Abstract
We compared the efficacies of quinupristin-dalfopristin (Q-D; 30 mg/kg of body weight every 8 h) and vancomycin (60 mg/kg twice daily), alone or in combination with rifampin (10 mg/kg twice daily), in a rabbit model of methicillin-resistant Staphylococcus aureus knee prosthesis infection. In contrast to vancomycin, Q-D significantly reduced the mean log10 CFU per gram of bone versus that for the controls. The combination of rifampin with either Q-D or vancomycin was significantly more effective than monotherapy.
Infection with methicillin-resistant staphylococci is becoming more frequent among those with implanted orthopedic devices (16), and these organisms are often resistant to many commonly used antibiotics. Glycopeptide antibiotics are usually used as first-line therapy for prosthesis infections. However, effective alternative regimens are urgently needed because the efficacies of these compounds may not be optimal (20, 28) and glycopeptide-intermediate Staphylococcus aureus and S. epidermidis strains are emerging, probably as a consequence of the overuse or the inappropriate use of glycopeptide antibiotics (23, 26).

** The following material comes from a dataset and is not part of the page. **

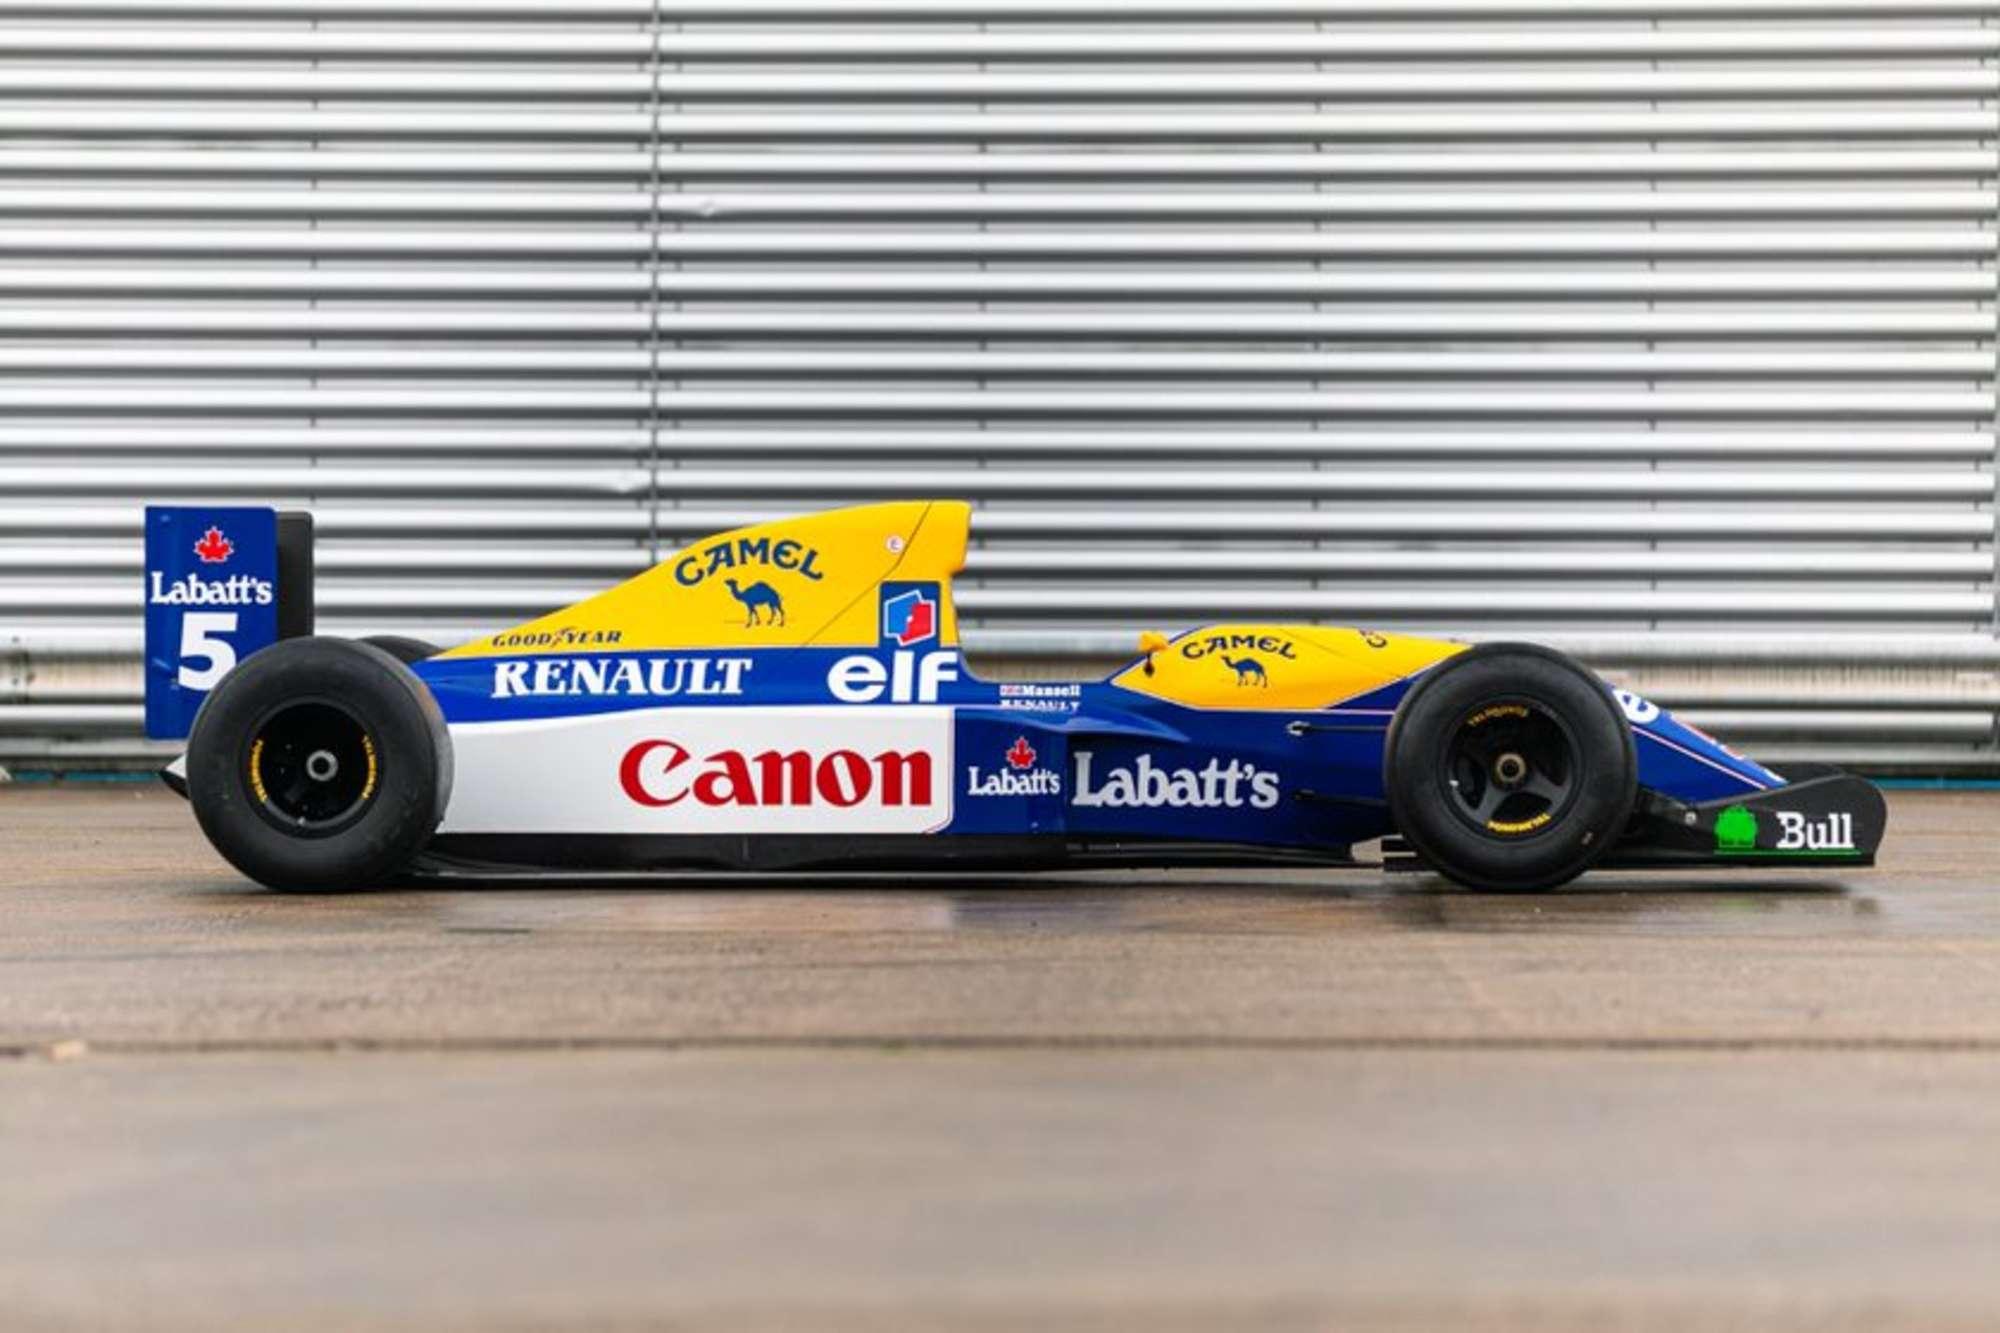 Williams FW14 show car 8

Quinupristin-dalfopristin (Q-D) has been shown to be as effective as vancomycin against erythromycin-susceptible methicillin-resistant S. aureus (MRSA) strains in an experimental model of endocarditis (9, 10) and was recently shown to be highly active against staphylococci growing in biofilms in vitro, while glycopeptides showed only poor activity (13).
In the present study, we compared the efficacies of Q-D and vancomycin, alone and in combination with rifampin, using a rabbit model of experimental MRSA knee prosthesis infection that closely mimics MRSA infections in humans (2).

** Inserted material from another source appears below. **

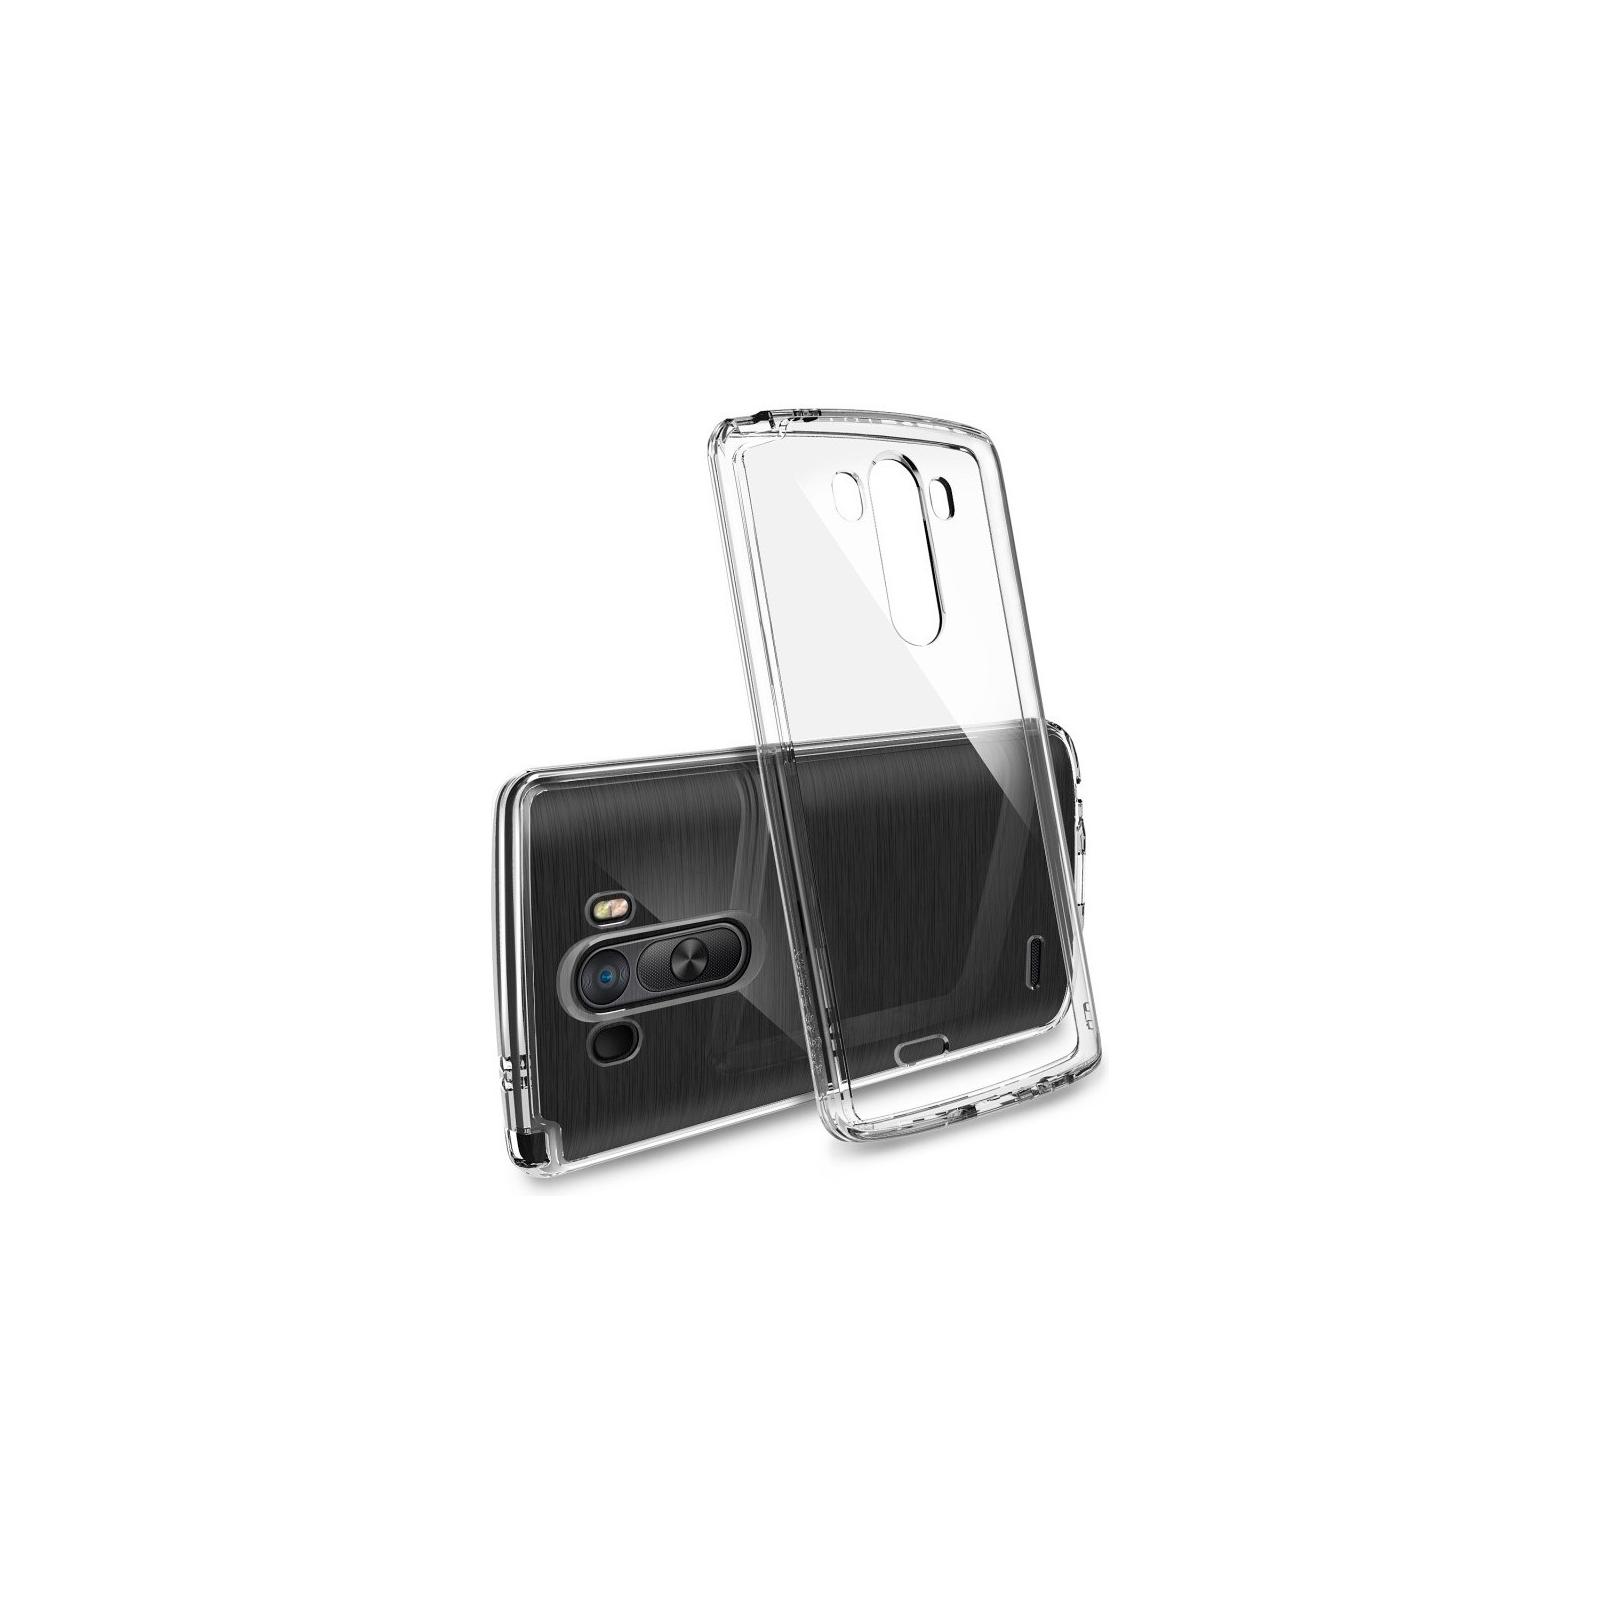 Чехол для моб. телефона Ringke Fusion для LG G3 (Crystal View) (157978)

(This work was presented in part at the 40th Interscience Conference on Antimicrobial Agents and Chemotherapy, Toronto, Ontario, Canada, 17-20 Sept. 2000 [A. Saleh-Mghir, N. Ameur, L. Massias, C. Feger, C. Carbon, and A. C. Crémieux, Abstr. 40th Intersci. Conf. Antimicrob. Agents Chemother., abstr. 994, 2000].)
An erythromycin-susceptible MRSA strain, HM 1054, was used in this study. The MICs were determined by the broth macrodilution method (19). Time-kill experiments were performed in brain heart infusion (BHI) broth containing Q-D (2.5 μg/ml) or vancomycin (5 μg/ml), either alone or in combination with rifampin (0.325 μg/ml), and an initial inoculum of 106 CFU of HM 1054 per ml. After 0, 3, 6, and 24 h of incubation, 0.1-ml samples were subcultured on BHI agar for determination of the numbers of CFU.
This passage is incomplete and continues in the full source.